Поутру Прокопьев почувствовал себя виноватым перед Ниной. Мало ли что он позволил себе о ней навоображать! А уж о видениях в каюте (тоже, наверняка, воображенных) и в дубнинской электричке он не в коем случае не стал бы рассказывать невропатологу. А вот взял и оскорбил женщину, возможно, всерьез увлеченную им. Хорошо хоть при исполнении «Озорных частушек» не попытался обнаружить под нежной кожей конский волос. Впрочем, зачем нужен был бы для нынешних фантомов и подделок конский волос?

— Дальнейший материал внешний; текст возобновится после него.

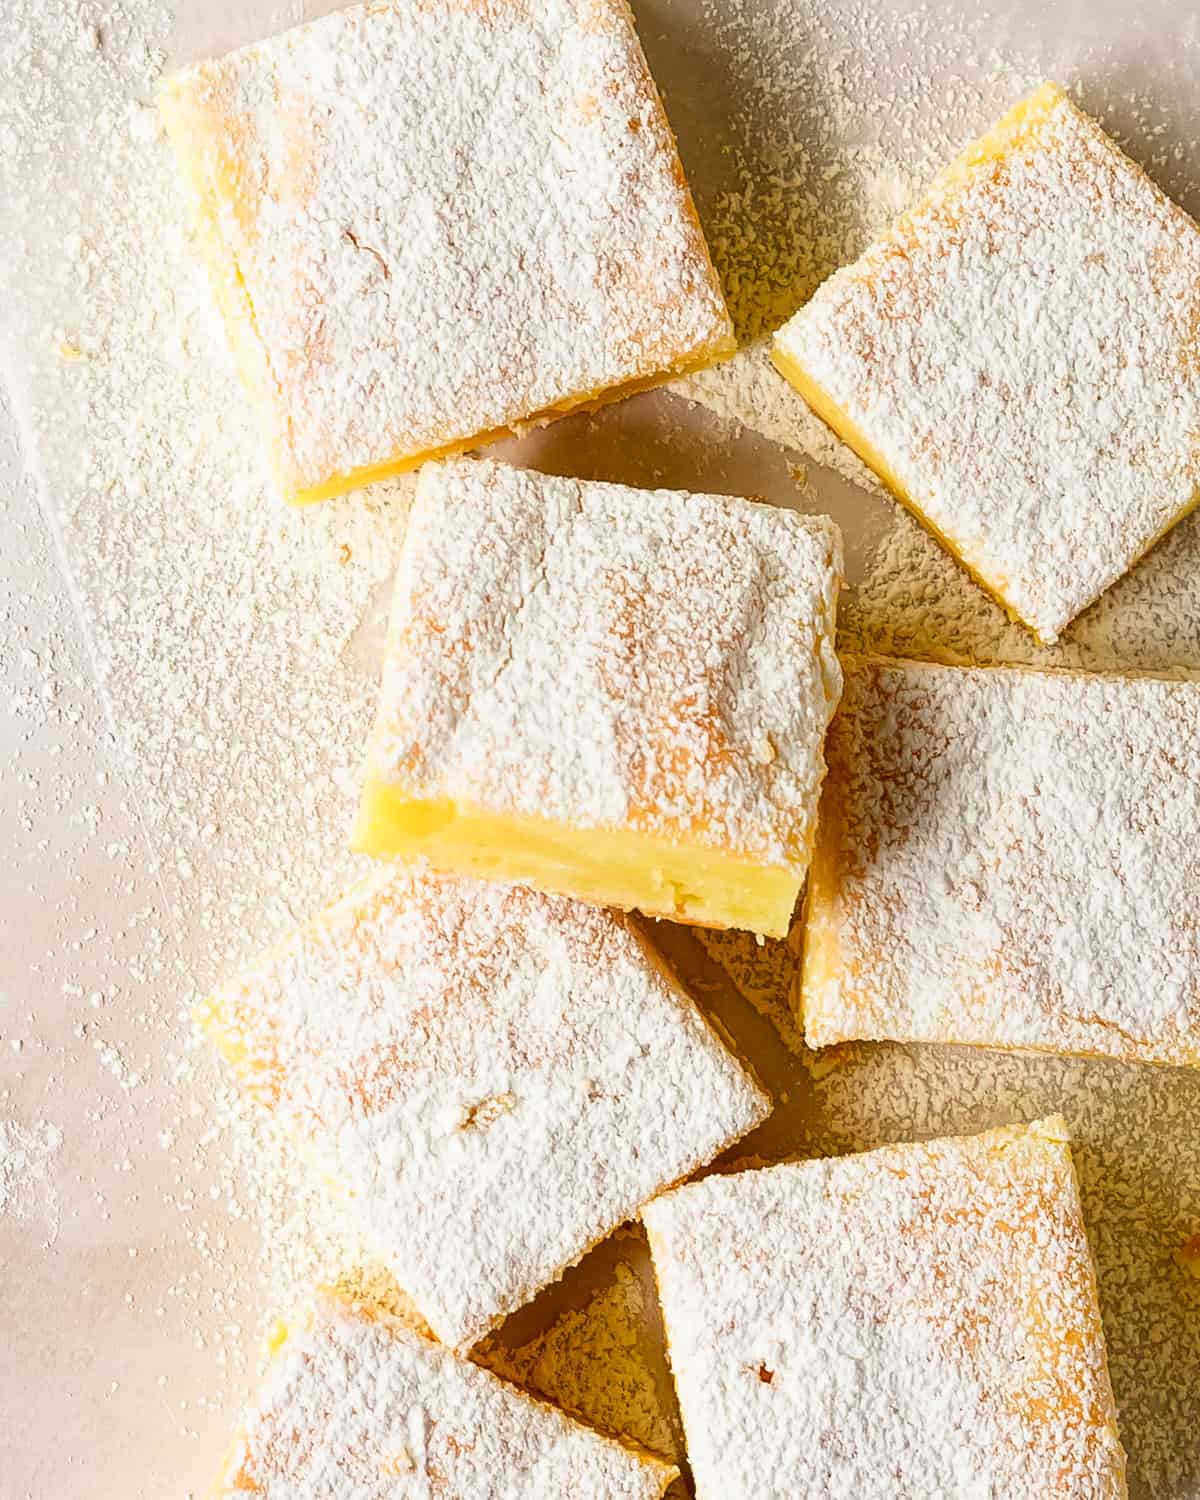 2 ingredient lemon bars are an impossibly quick and easy to make lemon dessert made from light and airy angel food cake mix and tart lemon pie filling. Top these lemon bars from cake mix with a dusting of sweet powdered sugar for a wonderfully refreshing dessert that’s made for spring and summer entertaining.

То есть в мысли Прокопьева о Нине, как о помощнице, была полная дикость. Или дурь. Во-первых, если бы Нина была фантом, игрица в чьей-то каверзной и слоеной затее, она вряд ли могла стать проводником к Квашнину (хотя, почему бы и нет? Ведь в закусочной в Камергерском к Прокопьеву ее подвел Агалаков. Однако и с Агалаковым дело было неясное). А если она была реальная женщина с реальными чувствами к нему, Прокопьеву, на кой ляд ей было способствовать вызволению из напастей бывшей буфетчицы Даши? Обращение к ней за помощью вышло бы делом нелогичным.

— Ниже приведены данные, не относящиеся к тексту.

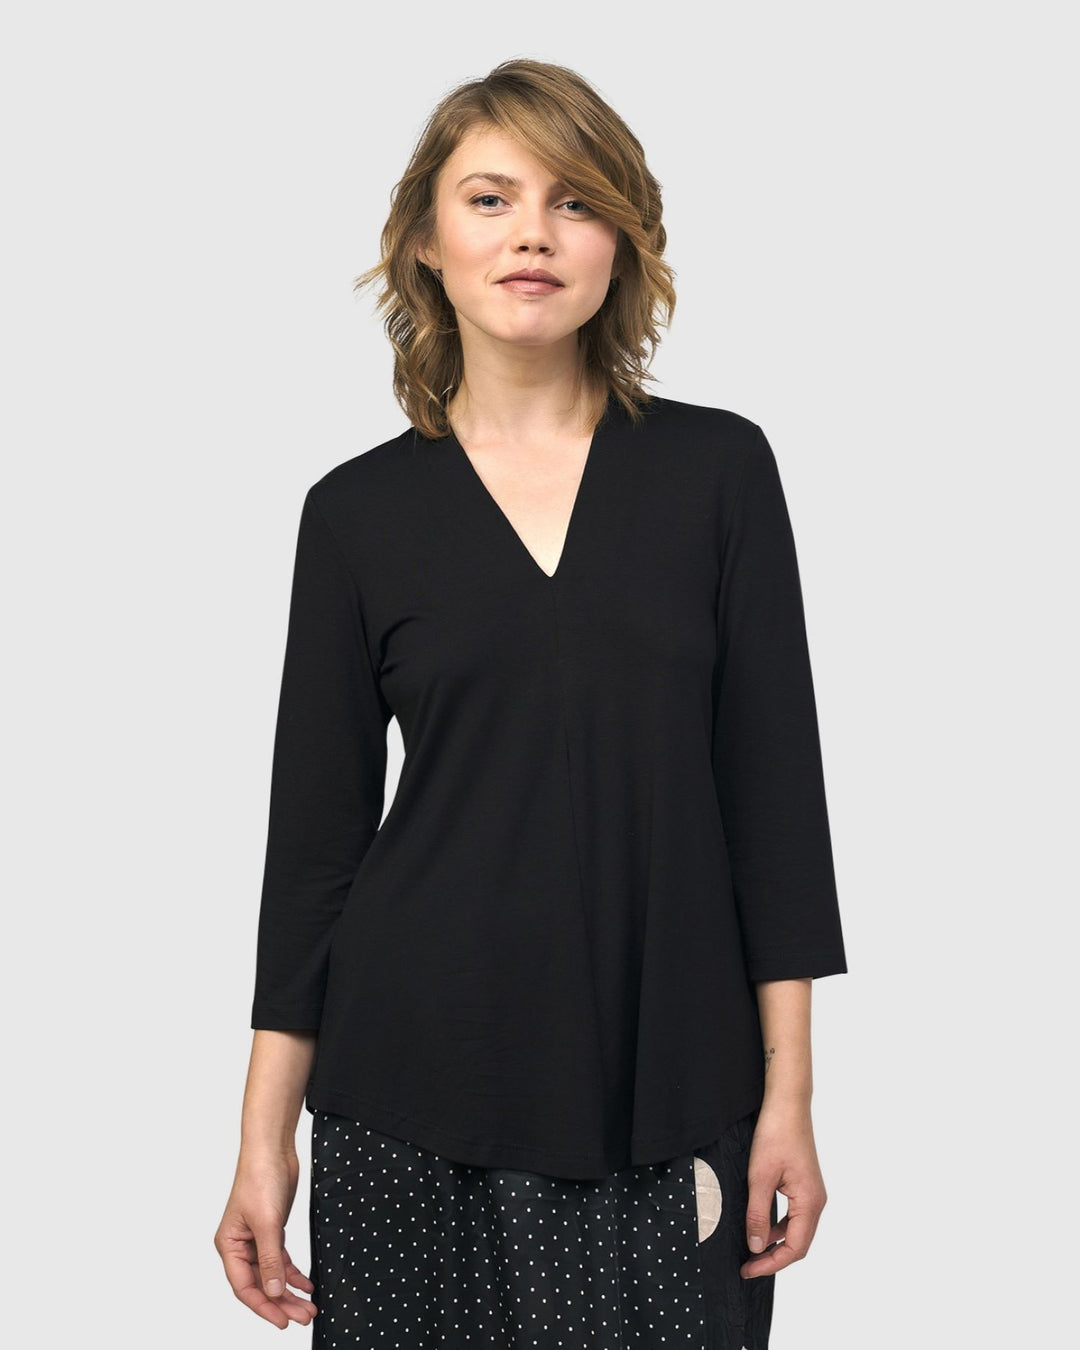 Tops for Women over 50 - Tunic, Trapeze, Dolman & More

Но эта нелогичность как раз и будоражила Прокопьева! Будто бы в этой нелогичности и нелинейности и могла возникнуть некая искра! А что было делать? Долбненские милиционеры приняли заявление Ангелины Федоровны и объявили розыск. Но пока Дарья Тарасовна Коломиец не обнаружилась ни в России, ни на Украине, ни в прочем ближнем зарубежье. Даже в Кодорском ущелье ее не сыскали. Не исключалось, что злыдни из нелегального промысла по продвижению женских тел могли отправить Дашу, отобрав у нее паспорт, на каторжные работы в гаремы не только Турции, но даже и в сладкоприимный город Лакхнау, известный Прокопьеву по книге востоковеда А. Суворовой. А в Лакхнау разговаривают исключительно на урду. Отыщи-ка там беспаспортную-то!